Trump says he will deploy military if state officials can't contain protest violence

WASHINGTON — As sirens wailed and flash-bang grenades popped across the street, President Donald Trump announced from the Rose Garden that he would use the U.S. military to stop the riots across the country that have been sparked by the death of George Floyd.

“I am mobilizing all federal and local resources, civilian and military, to protect the rights of law abiding Americans,” Trump said in the extraordinary address, which was delivered as police fired smoke devices outside to push protesters back from the White House.

"We are ending the riots and lawlessness that has spread throughout our country. We will end it now," Trump said.

"If a city or state refuses to take the actions necessary to defend the life and property of their residents, then I will deploy the United States military and quickly solve the problem for them," Trump said, referring to himself as "your president of law and order and an ally of all peaceful protesters.”

He said he was already dispatching "thousands and thousands of heavily armed soldiers, military personnel, and law enforcement officers" to Washington to stop the violence that has been a feature of the protests here.

Shortly before he started to speak — about 20 minutes before Washington's 7 p.m. ET curfew — the police and National Guard had started using smoke and flash bangs to push away the large crowd of peaceful protesters outside.

It soon became clear why the authorities had forcibly cleared Lafayette Park and its surrounding streets of peaceful protesters. Concluding his remarks, Trump said he was going to "pay my respects to a very, very special place." Then, surrounded by many of his West Wing aides, he walked across the street that had been cleared in order to stand outside St. John's Church, which suffered fire damage in protests Sunday night.

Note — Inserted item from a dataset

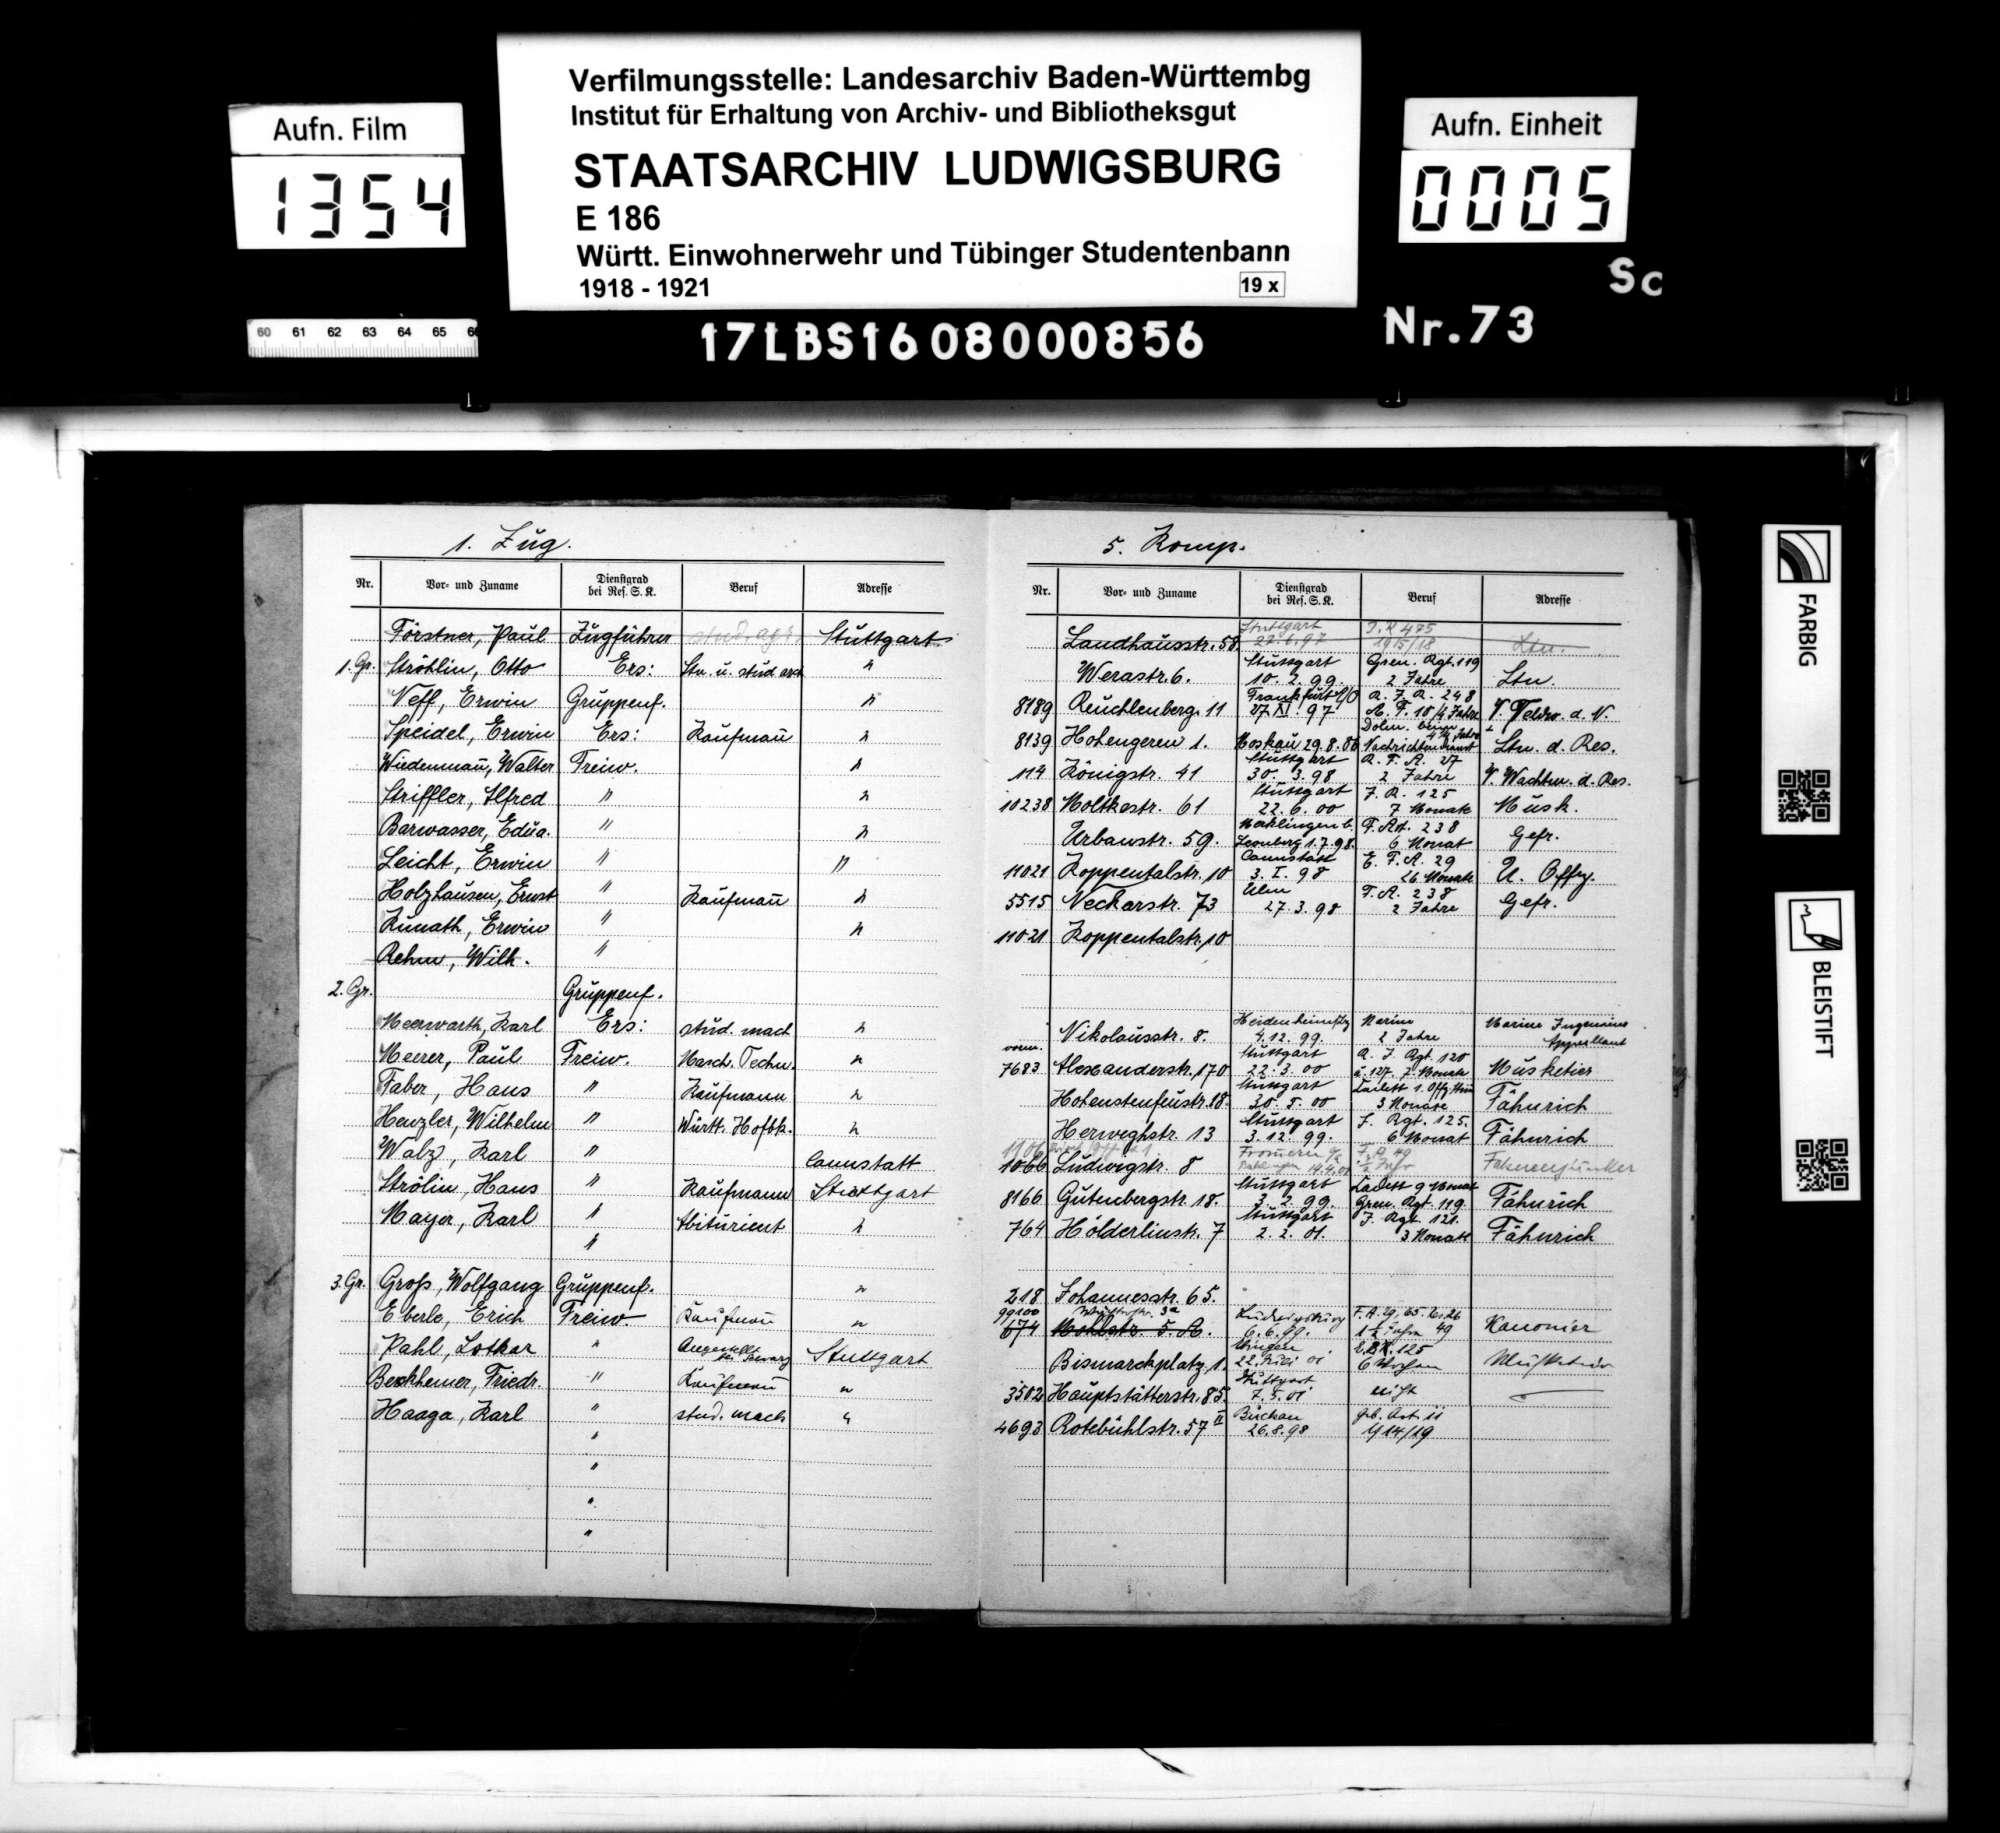 Kompanie-Liste der 5. Reserve-Sicherheits-Kompanie (Kompanieführer Keinert), Bild 2

Trump held up a Bible outside the church and posed for pictures, then returned to the White House. He did not go in the church or express any religious sentiments there.

Critics blasted the move. "The desire for a certain backdrop for a press announcement is not a security requirement," tweeted Sen. Brian Schatz, D-Hawaii. "In other words, using the power of the U.S. Military to clear out peaceful protestors for a presser is a massive abuse of power. "

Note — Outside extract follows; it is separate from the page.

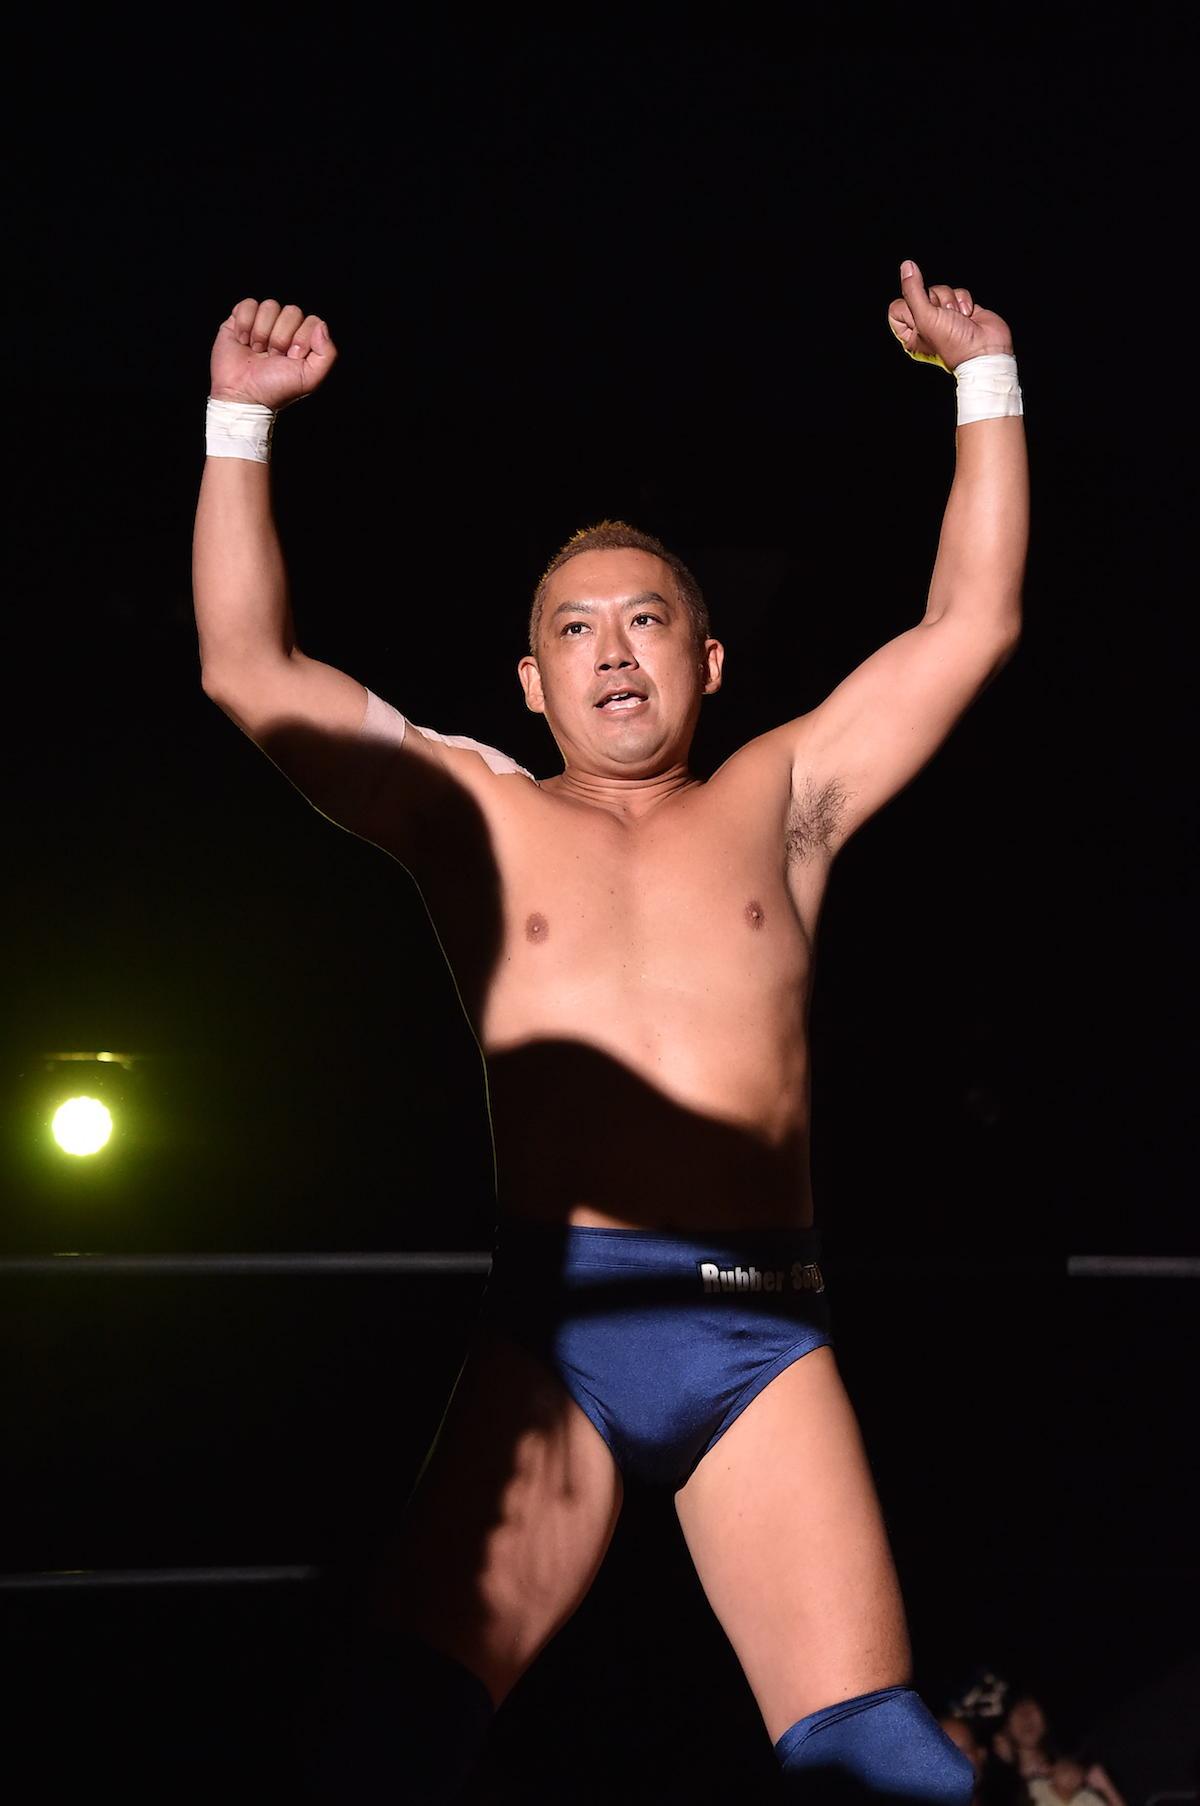 山下金吾より11月10日・調布はあとふるホール大会に向けてのメッセージ!

To activate the military to operate in the U.S., Trump would have to invoke the 213-year-old Insurrection Act, which four people familiar with the decision had told NBC News he planned to do.

The military police forces would come from Fort Bragg in North Carolina and possibly Fort Belvoir in Virginia and could arrive in Washington within hours, these people said.

Trump’s decision on whether to invoke the act, adopted in 1807, to deploy troops has come as his frustrations mount over the protests that have followed the death of Floyd, a black man who was killed in police custody last week in Minneapolis. The people familiar with his decision said Trump was angry Sunday night at the destruction some protestors caused in Washington, particularly the vandalization of national monuments.

Some of the president’s aides have been encouraging him for days to invoke the act, as he weighed options for exercising executive powers to address the crisis. The act was last invoked during the 1992 Rodney King riots in Los Angeles.

Trump's remarks came hours after he urged the nation’s governors to get “tough” with unruly demonstrators. “Most of you are weak,” he told them, according to audio of the call obtained by NBC News. "You have to dominate. If you don't dominate, you're wasting your time, they're gonna run over you, you're gonna look like a bunch of jerks,” the president said.

At a briefing with reporters Monday, White House press secretary Kayleigh McEnany had left open the possibility that the president could invoke the act.

“The Insurrection Act, it’s one of the tools available, whether the president decides to pursue that, that’s his prerogative,“ McEnany said.

Governors can ask that the federal government send active duty troops to help in cases of civil unrest like the widespread protests plaguing U.S. cities over the last several days. But, so far, no governor has requested active duty troops to assist and instead they have relied on local law enforcement and National Guard soldiers and airmen on state active duty.

Governors often prefer the National Guard forces in these cases because they can legally perform law enforcement duties in the U.S., whereas troops on active duty cannot without violating the Posse Comitatus Act, a 1878 law that prohibits the government from using military forces to act as a police force within U.S. borders.

But the president could invoke the Insurrection Act to deploy active-duty troops without a request from a governor. Those troops would be allowed to conduct law enforcement missions. To invoke the act, Trump would first have to issue a proclamation to “immediately order the insurgents to disperse and retire peaceably to their abodes within a limited time,” according to the law.

In the past the Justice Department has drafted such proclamations. And according to the Congressional Research Service, the act has been invoked many times throughout U.S. history, although rarely since the 1960s civil rights era. When it was invoked in 1992 during the Los Angeles riots, the move was requested by then-California Gov. Pete Wilson, not invoked solely by President George H.W. Bush.

The Defense Department declined to comment on the possibility that the president could invoke the act.

One of Trump’s allies outside the White House, Sen. Tom Cotton, R-Ark., urged Trump to invoke the Insurrection Act “if necessary” so U.S. troops can “support our local law enforcement and ensure that this violence ends tonight.”